Exercise:
Give the data below again exactly, and drop each picture from it.

Data section:
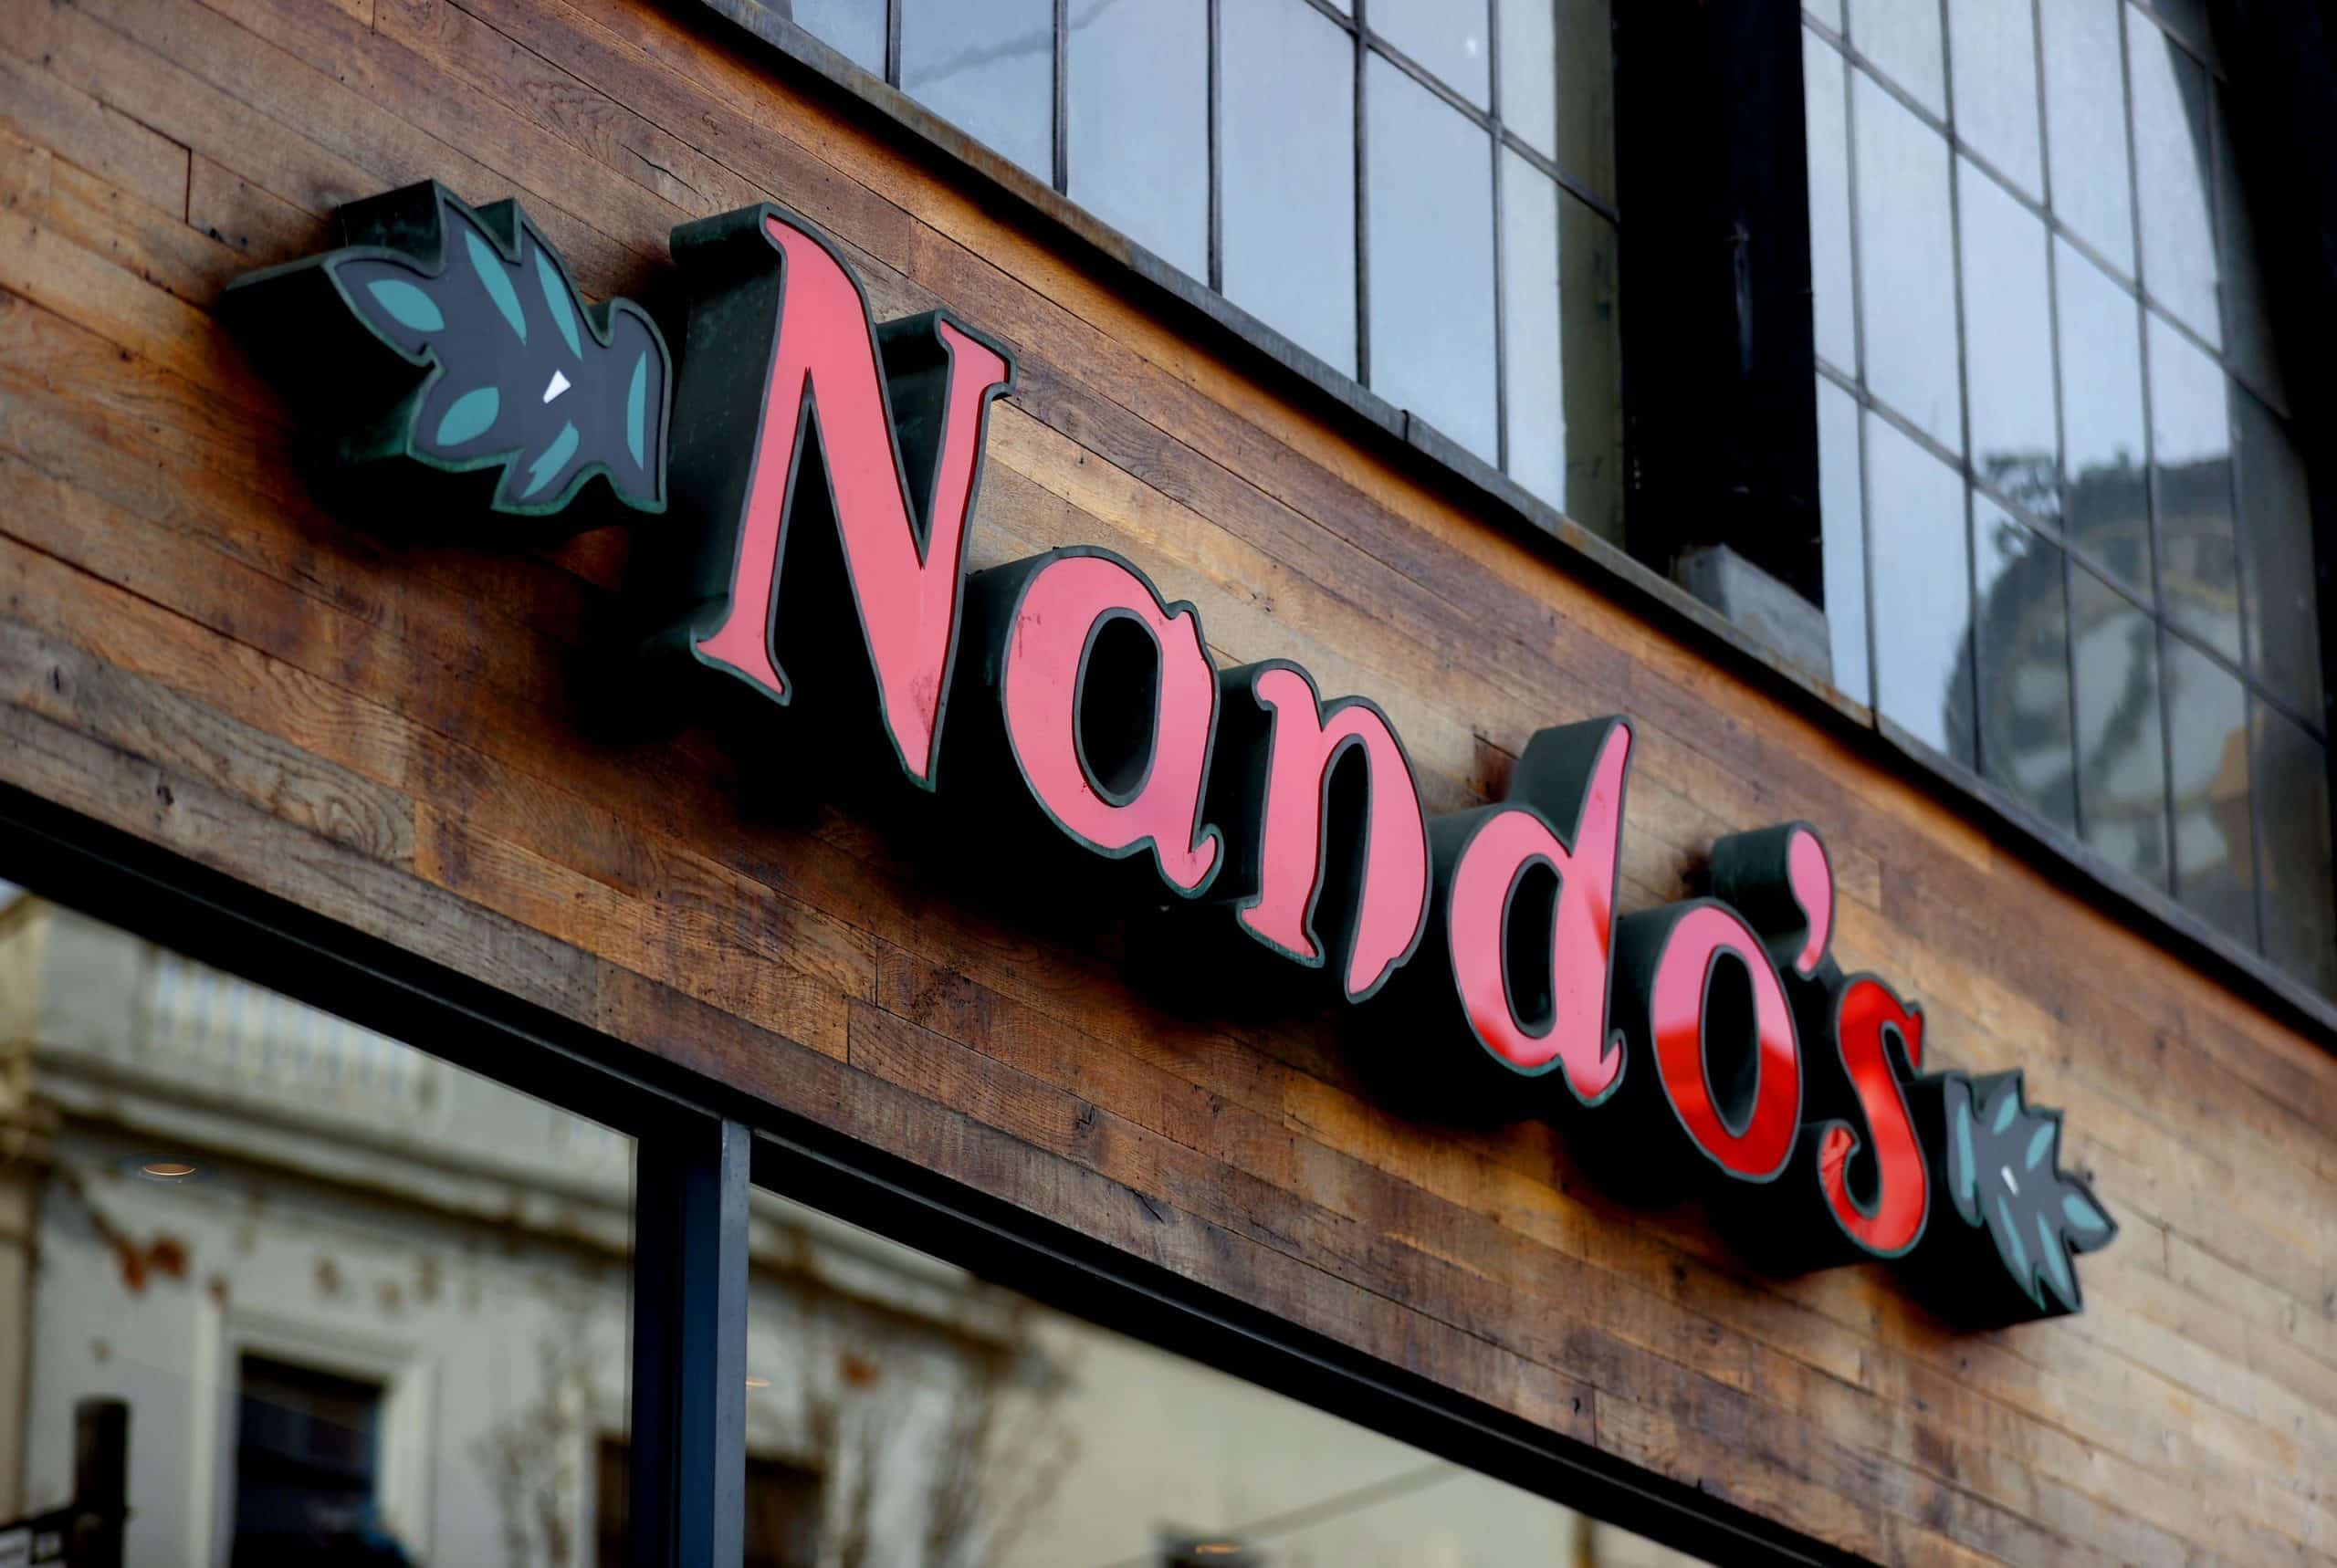 Brexit bites: Nando’s closes restaurants amid chicken shortage
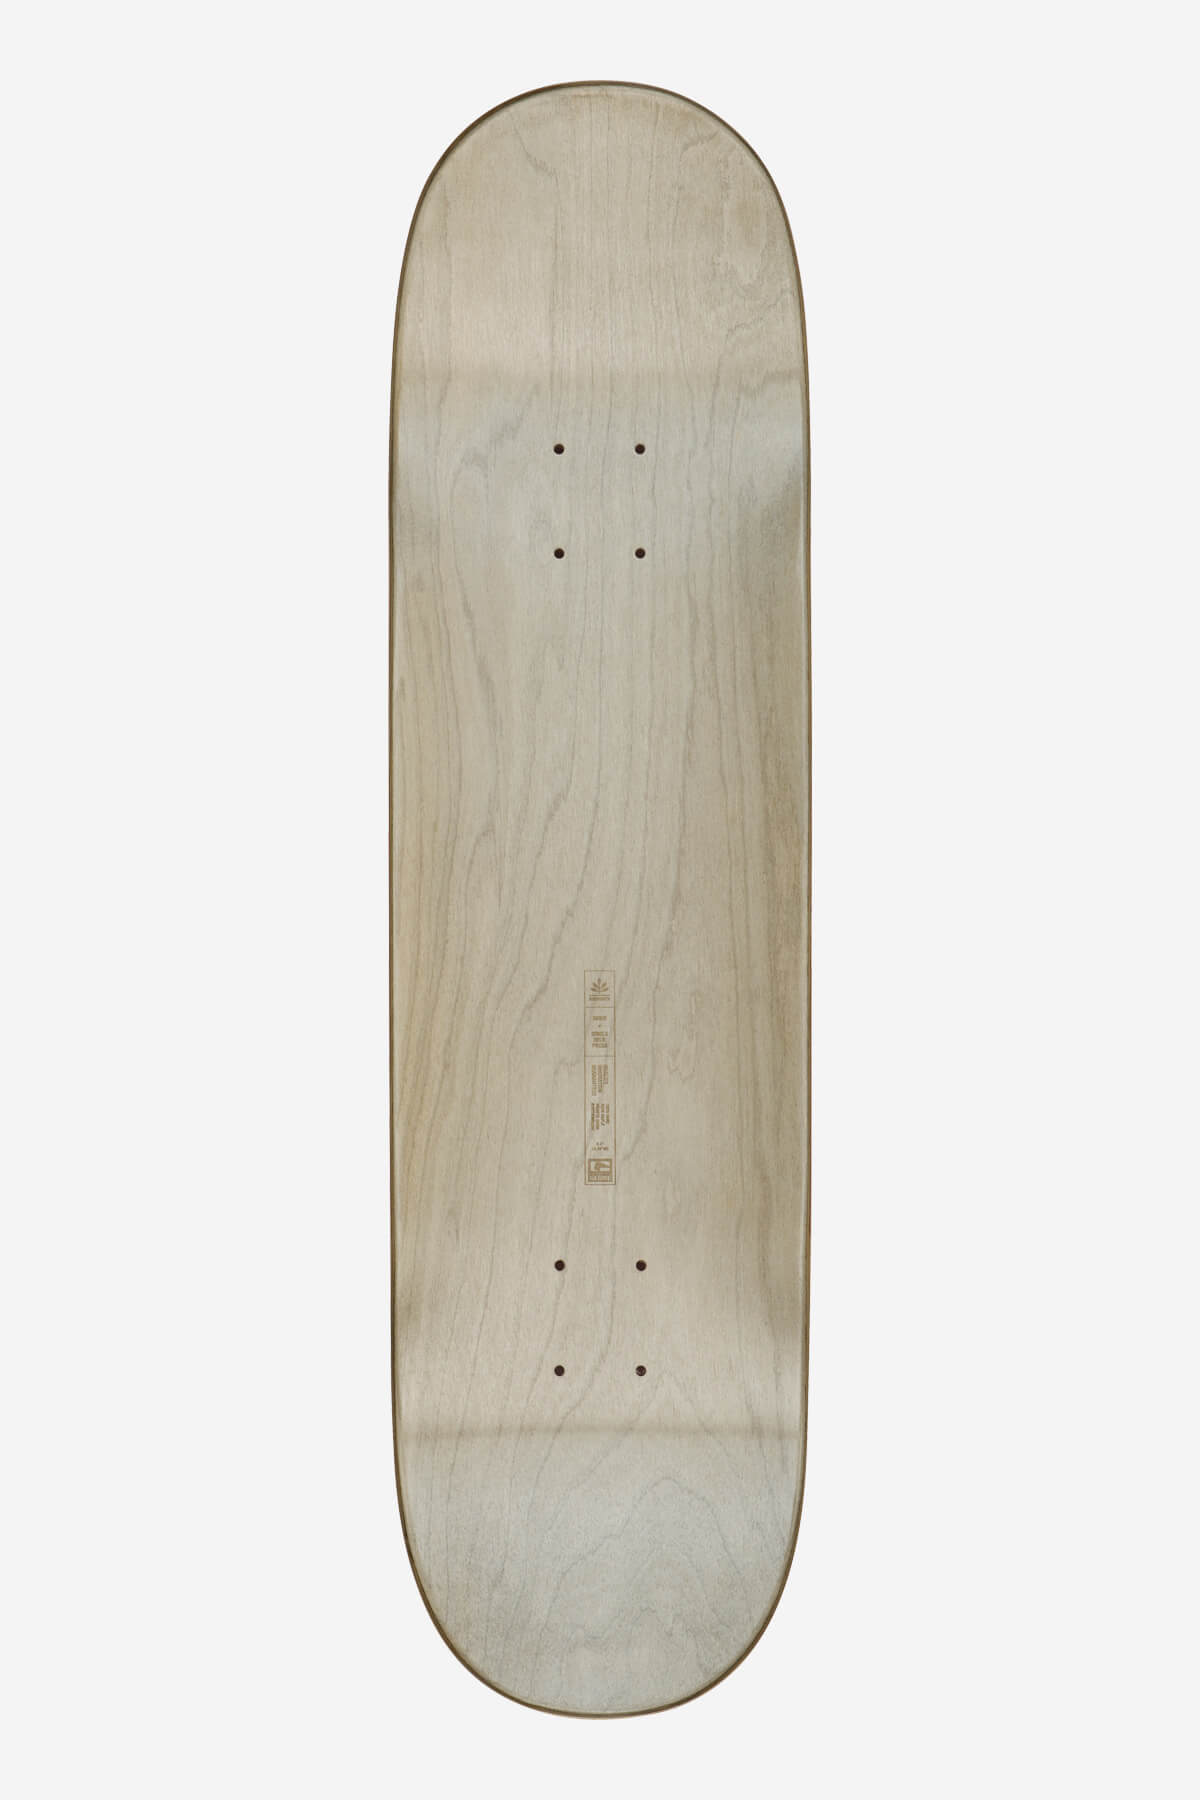 Globe - Goodstock - Ruby - 8.5" Skateboard Deck
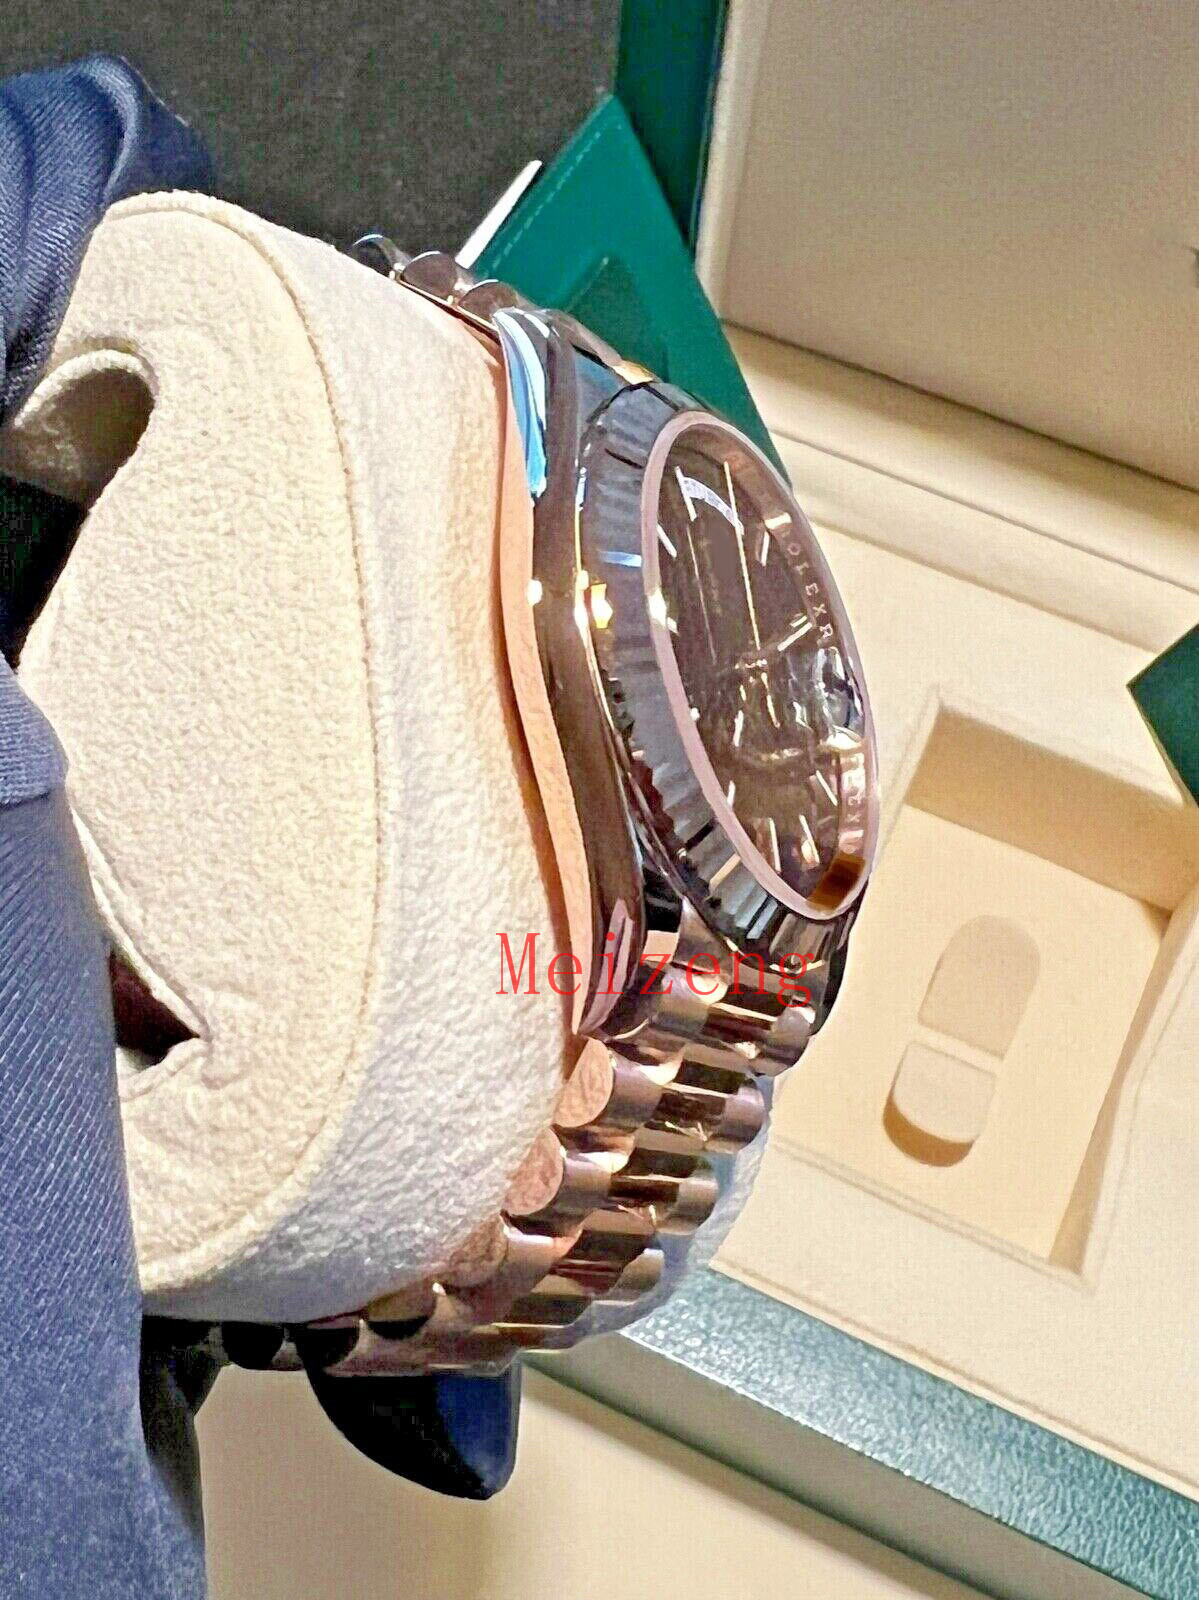 Luxury Wristwatch Day Date President 228235 18K Rose Gold Chocolate Motif Dial 40mm Menatic Watch-2237W
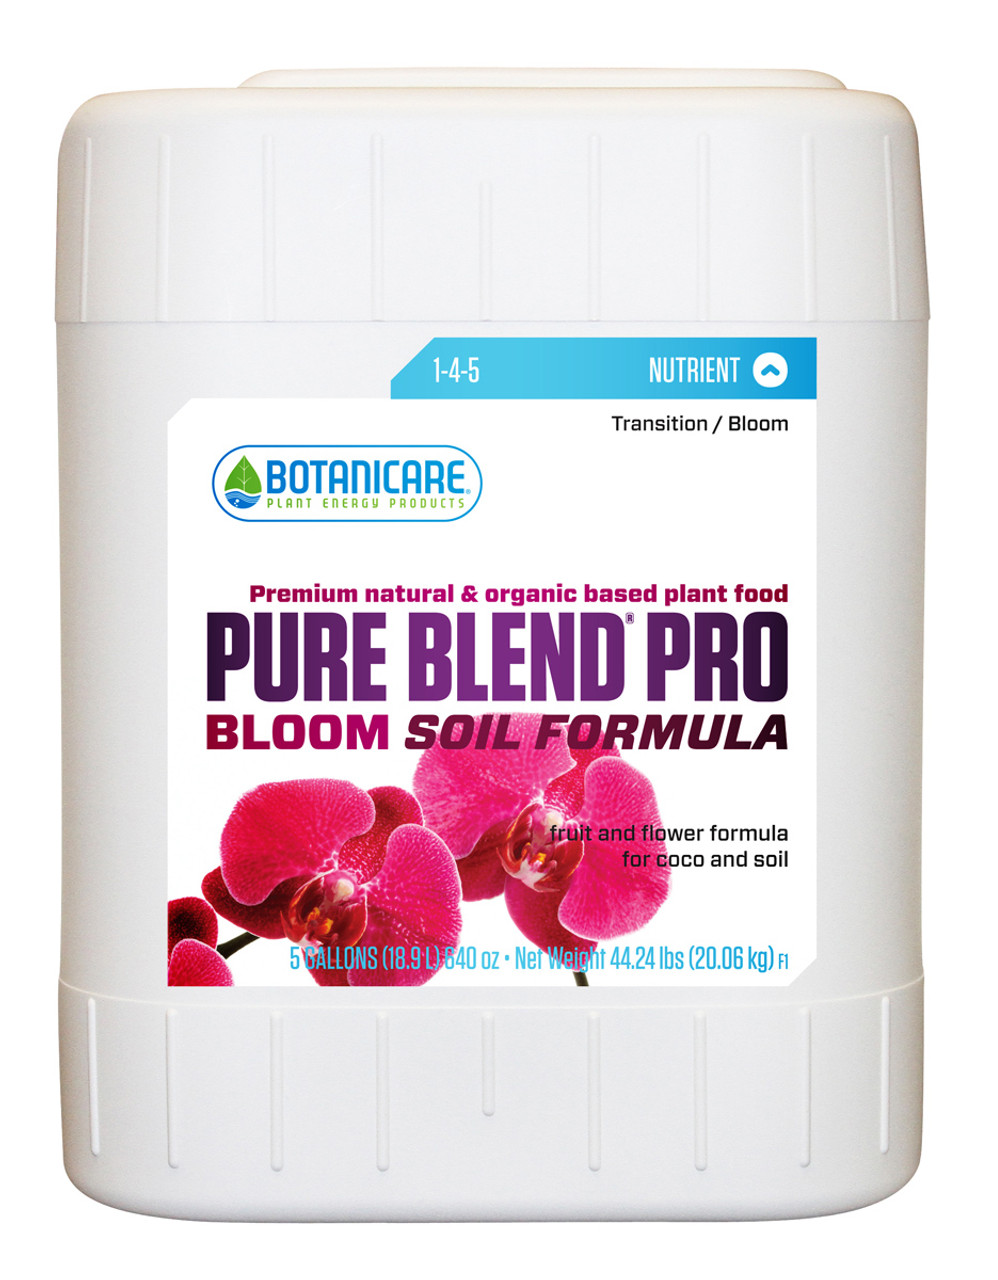 Botanicare Pure Blend Pro Bloom Soil Formula 5 Gallons

Exercise answer:
 Brexit bites: Nando’s closes restaurants amid chicken shortage
 Globe - Goodstock - Ruby - 8.5" Skateboard Deck
 Luxury Wristwatch Day Date President 228235 18K Rose Gold Chocolate Motif Dial 40mm Menatic Watch-2237W
 Botanicare Pure Blend Pro Bloom Soil Formula 5 Gallons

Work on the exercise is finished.